It's science, but not as we know it. Thomas Granatir looks at the prediction methods that could change the face of public health.
Millie is 87. She is overweight. She has type-2 diabetes and congestive heart failure. In recent years, she has developed severe vascular degeneration and painfully debilitating peripheral neuropathy. She walks with great difficulty.
Millie is well educated. Her health literacy is first-rate. Yet she fails to control her weight, eats irresponsibly and takes her medication irregularly. This renders her condition unstable and dangerous. If it were not for the care she receives from husband Willie, she would be in a nursing home or dead.
Willie is 90. He spends 30 minutes a day doing floor exercises he started doing when he turned 40. He goes to the gym three times a week in his relentless fight against sarcopenia. He weighs what he did 50 years ago. Willie does the shopping and cooking and takes care of Millie. In the past year, his only serious medical event was a cracked tooth.
Millie's condition is the result of behaviours that have persisted for 60 years. But there is a subtext. the healthcare system that has done such a good job of keeping her alive is helpless to deal with the underlying behavioural issues that have conditioned her health.

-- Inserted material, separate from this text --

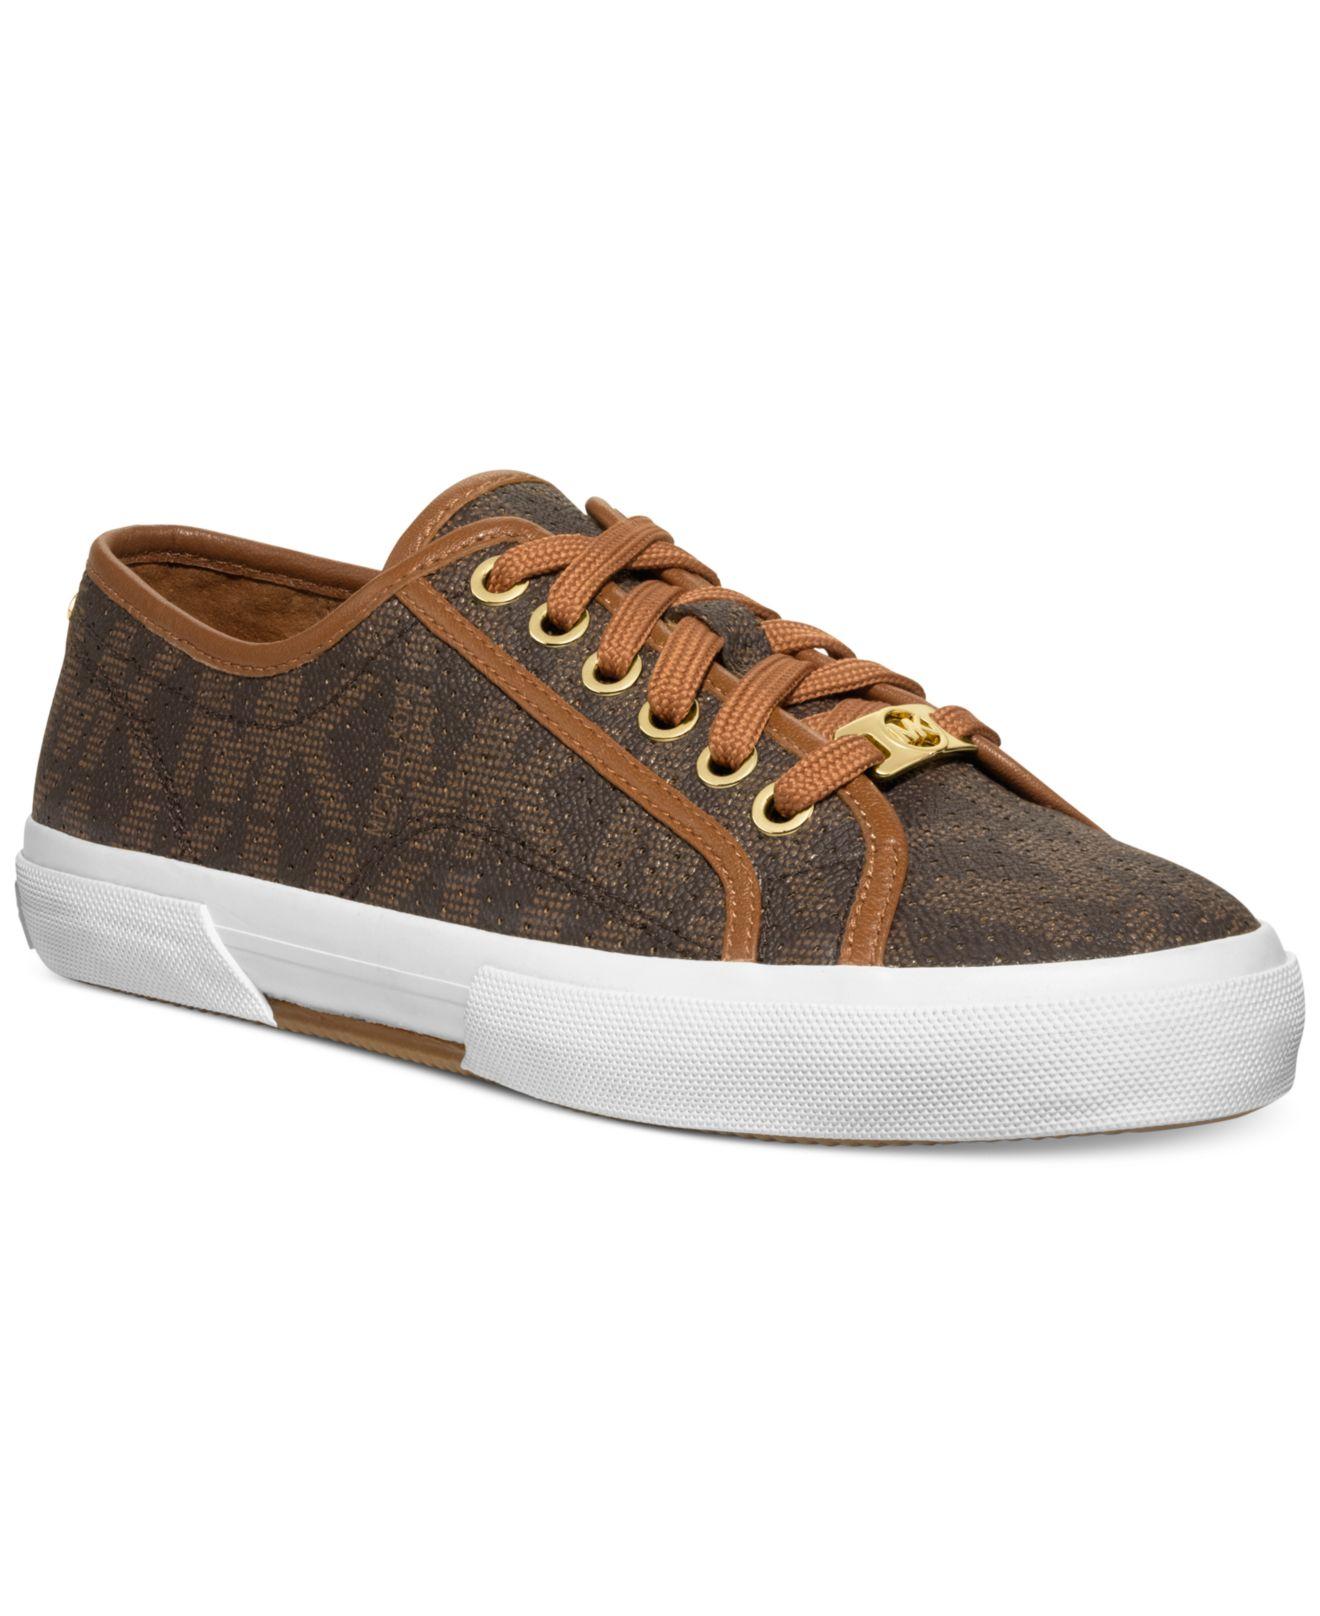 cee2ef9446390 Lyst - Michael Kors Michael Boerum Sneakers in Brown
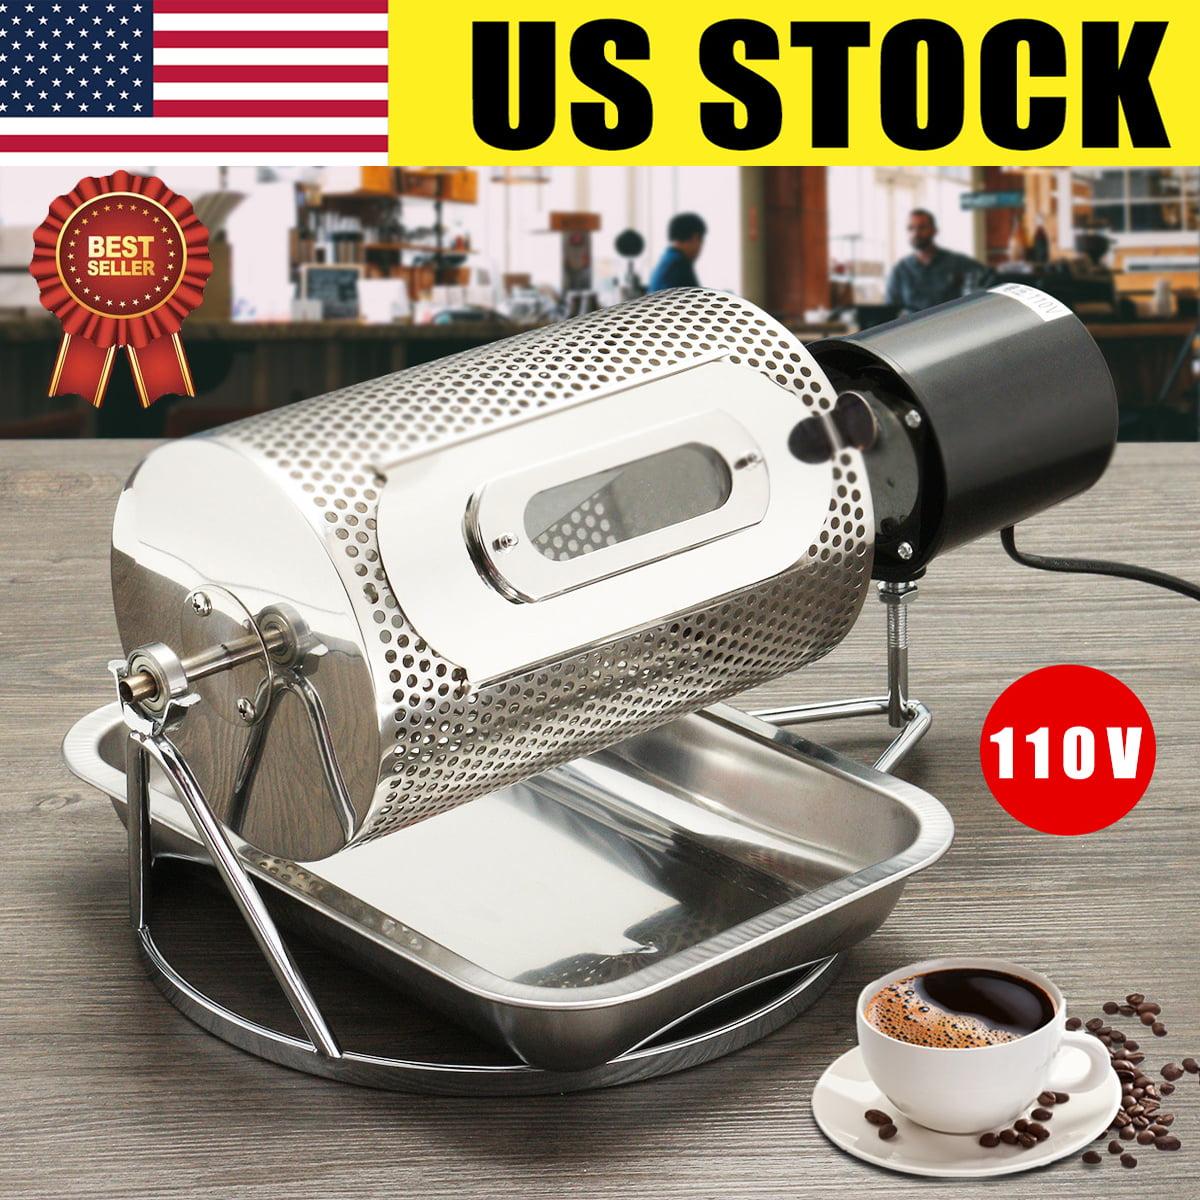 USA Stainless Steel Coffee Bean Roasting Machine Roaster Roller Baker Home 110V

The cost of treating acute episodes for 'Millies' will threaten the viability of health systems across the globe. The growing incidence of behaviour-induced disease - obesity, cardiovascular disease, cancer, and diabetes - challenges our health systems to rethink how they deliver care, and our public health systems to rethink how we manage health.
Humana is a large US health insurer with responsibility for about 11 million lives. About six years ago, we began to approach this problem by finding and influencing people careering towards poor health.
To do this, we had to figure out who is going to be sick, how sick, and how soon. We had to stop thinking about people as clinical objects and try to understand the complex social, psychological, and cultural contexts of the decisions they make that render them more like Millie and less like Willie.
The science we drew on was more computational and anthropological than clinical.
Our primary, secondary, hospital, laboratory and pharmacy data is organised into a person-centered data warehouse. Once we organise the data around the individual, we can see the care paths of each over time. These can be compared with evidence-based practices to identify people who may be receiving too little care, too much, or the wrong sort. By modelling at the individual level, we can describe health trends aggregated to a GP practice, hospital, locality, or region.
Finding high users in this data is easy. But how do we find those 'at risk' who may be high users tomorrow?
Most risk modelling looks at clinical events, translating them with the help of clinical algorithms into a risk score that represents future medical costs and use. But what if we assume that patients are not inert objects? What if we assume biological, psychological, social, cultural and environmental variables - that cannot be reduced to a set of clinical algorithms?
What if we assume these variables are interdependent; that a small change today can mean a large change tomorrow? These assumptions seem obvious, but they are the opposite of those made in conventional health analytics.
The third way
Computational science exploits advances in IT and maths so scientists can work on problems previously thought too difficult or too large. It allows scientists to build models that predict what might happen in the lab, which help them understand what they then see in real experiments.
But it is also used to perform experiments too expensive or dangerous to conduct in the lab, such as finding out how a new drug might behave in the body.
About five years ago, Humana began using signal processing techniques from the engineering sciences to analyse health data. These are different from most clinical modelling in that they treat clinical events as signals of a change in the individual's health state.
With these techniques, we can find Millie earlier and target interventions to mitigate her risk.
To help people, we have to know how they live and understand their medical problems in context. In patient-generated clinical encounters, context is discovered through a few questions asked by the clinician. In the new world of analytics, it is understood through the analysis of data - as much as we can get, and much more diverse than in the past. Our ability to understand people's context means we can characterise their circumstances, experience, behaviours, and how these change over time.
At Humana, we link encounter data to other signals, such as online logs, calls to a demand management line, and personal health risk assessments. These can tell us if a person is worried or anxious about a clinical matter.
With the new methods, we can incorporate new kinds of data and ask new questions - a kind of 'lifestyle analytics' - to help lifestyle change. In one pilot, for example, we are collecting physical activity and grocery data to see how these increase our ability to predict health risk.
Biosensors will be next, capturing heart rate, blood pressure, stress levels, blood glucose, and more. Activity monitors that record daily physical activity are available.
What it will mean
These changes open up the possibility of an entirely new approach to public health.
The next generation of public health professionals will understand populations through a deeper understanding of individuals. They will graduate from a piecemeal, ad-hoc, patient-initiated care system to systematic prevention and health monitoring.
This approach will make it possible to move clinical management out of the clinic and into patients' life stream, where health creation takes place.
Thomas Granatir is policy and research director at Humana. Europe.